To understand the value proposition of IBM Enterprise Advantage, it is helpful to contrast it with traditional AI implementation methods. The following table outlines the key differences that define this new service model.
Comparison of AI Implementation Models
| Feature | Traditional Consulting Model | IBM Enterprise Advantage (Asset-Based) |
|---|---|---|
| Primary Deliverable | Strategy decks and custom, one-off code | Reusable assets, platforms, and standards |
| Speed to Value | Slow (months to build from scratch) | Fast (weeks to deploy via existing assets) |
| Scalability | Linear (requires more consultants to scale) | Exponential (software-driven scaling) |
| Governance | Ad-hoc, project-specific rules | Built-in, systemic governance guardrails |
| Integration | Custom integration for each system | Pre-built connectors and architectural patterns |
| Vendor Dependency | High reliance on external teams for updates | Empowers internal teams to operate independently |
As AI systems become more agentic—taking actions rather than just summarizing text—governance becomes the single most critical factor for adoption. An AI agent that can execute financial transactions, modify codebases, or interact directly with customers poses a higher risk profile than a passive research tool.

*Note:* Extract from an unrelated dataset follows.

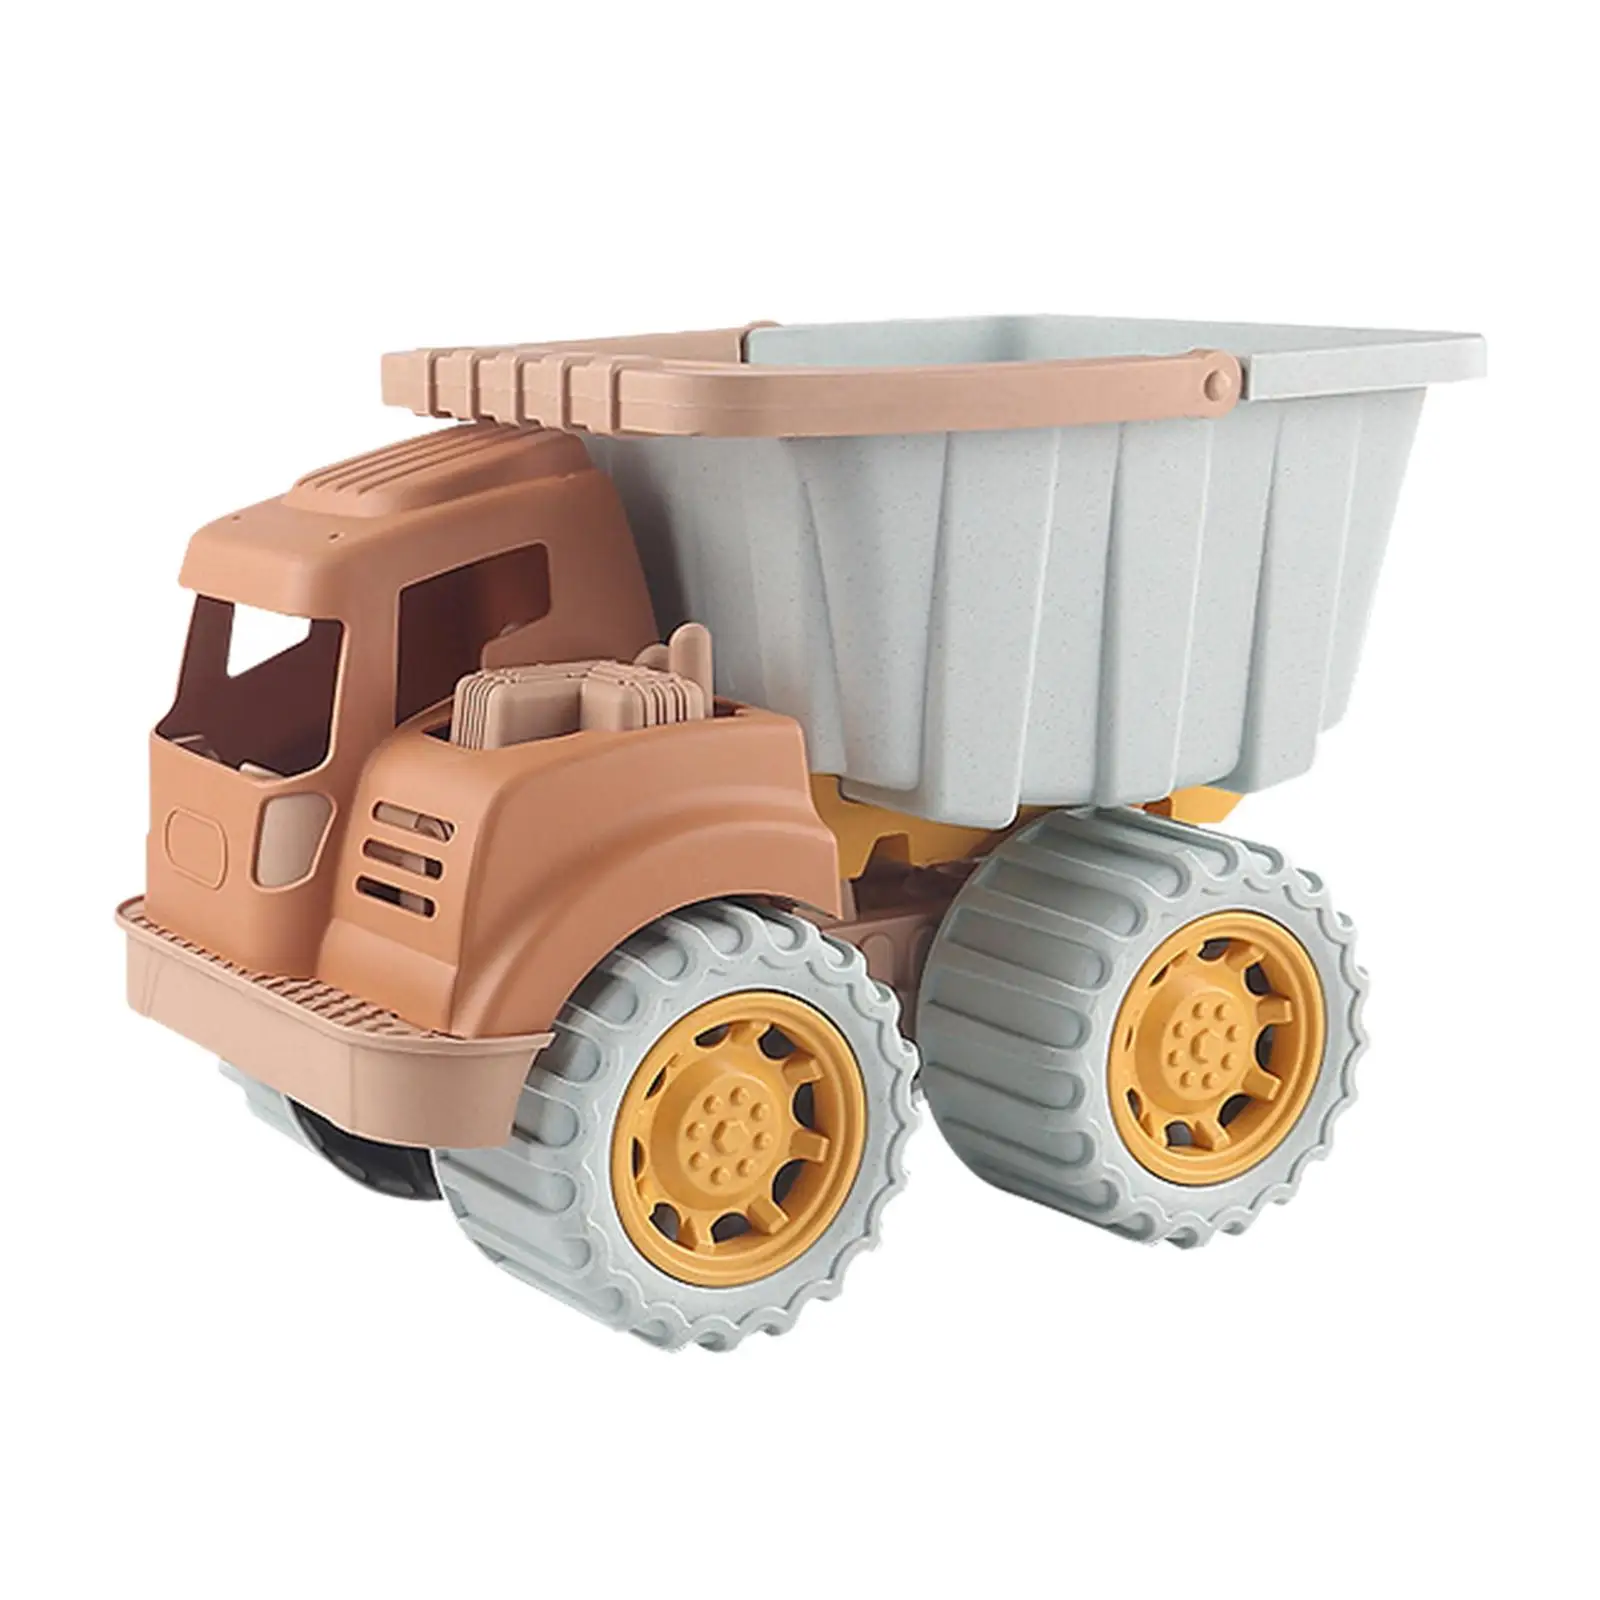 Dump Truck Toy Gross Motor Construction Toy Fine Motor Skills Sand Truck for Birthday Gift Party Favors Sand Beach Toy Children

IBM Enterprise Advantage places a heavy emphasis on this governance layer. By providing a "secured platform" and "shared standards," IBM aims to de-risk the deployment of autonomous agents. This aligns with the company’s broader ethos of "Trustworthy AI," ensuring that as models scale, they do not inherit or amplify biases, security vulnerabilities, or hallucinations.
For enterprise leaders, this governance-first approach is likely to be a significant selling point. The ability to audit AI workflows, track the decision-making lineage of agents, and enforce corporate policies at the platform level is essential for compliance in regulated industries such as finance, healthcare, and telecommunications.
The launch of IBM Enterprise Advantage marks a maturity milestone for the enterprise AI sector. It suggests that the market is moving past the initial hype cycle of generative AI and entering a phase of industrialization. Companies are no longer asking "what can AI do?" but rather "how do we run AI reliably at scale?"
By packaging its own internal success into a client-facing product, IBM is betting that the future of consulting lies not just in advice, but in enablement. For Creati.ai readers and the broader tech community, this underscores the growing importance of Digital Transformation strategies that prioritize platform building over isolated point solutions. As the era of Agentic AI unfolds, the winners will be those who can govern their digital workers as effectively as their human ones.